The climacteric is a term used for the transitional period including the perimenopause
and the several years after the menopause. There are specific symptoms which some women may
experience which are directly attributable to estrogen withdrawal (vasomotor flushes, urogenital
atrophy) and there are some long term aging and disease processes which are worsened by estrogen
withdrawal (osteoporosis, coronary artery disease). There are number of other symptoms of aging
which may be worsened by estrogen withdrawal (arthritis symptoms, cognitive function) but the
evidence is not so clear.
The post-menopausal ovary is still capable of producing substantial amount of weak androgens
(ovarian stroma stimulated by menopausal levels of LH) which are peripherally converted to estrogens.
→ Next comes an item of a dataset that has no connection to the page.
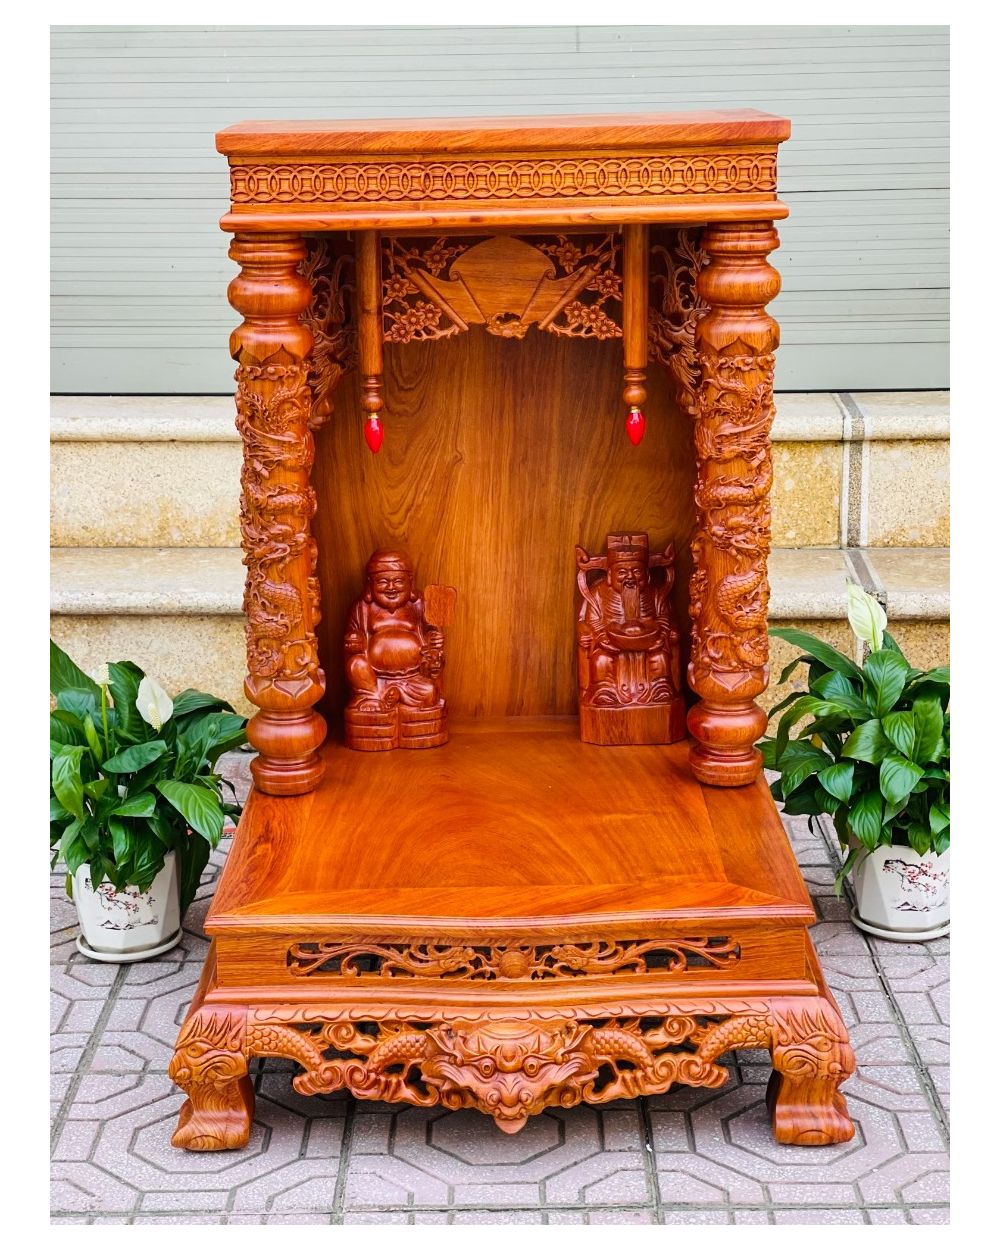 Mô hình bàn thờ ông địa thần tài mini đồ trang trí bàn làm việc dành riêng  cho dân văn phòng chạy sale, áp số, kpi | Lazada.vn

The eventual cessation of ovulation is a "normal" event in human development. Until the last
several hundred years, human life span was usually less than 50 years of age. The existence of a
population of women who predictably lived well beyond the age of reproduction is new in human
history. Through epidemiologic studies in aging women, many who took estrogen hormones for the
treatment of vasomotor flushes, it was noted that long term estrogen users had decreased incidence of
complications of osteoporosis and coronary artery disease. The health benefits and risks of estrogen
therapy after menopause have been continuously evaluated over the past 35 years and this therapy is
now being subjected to prospective randomized trials.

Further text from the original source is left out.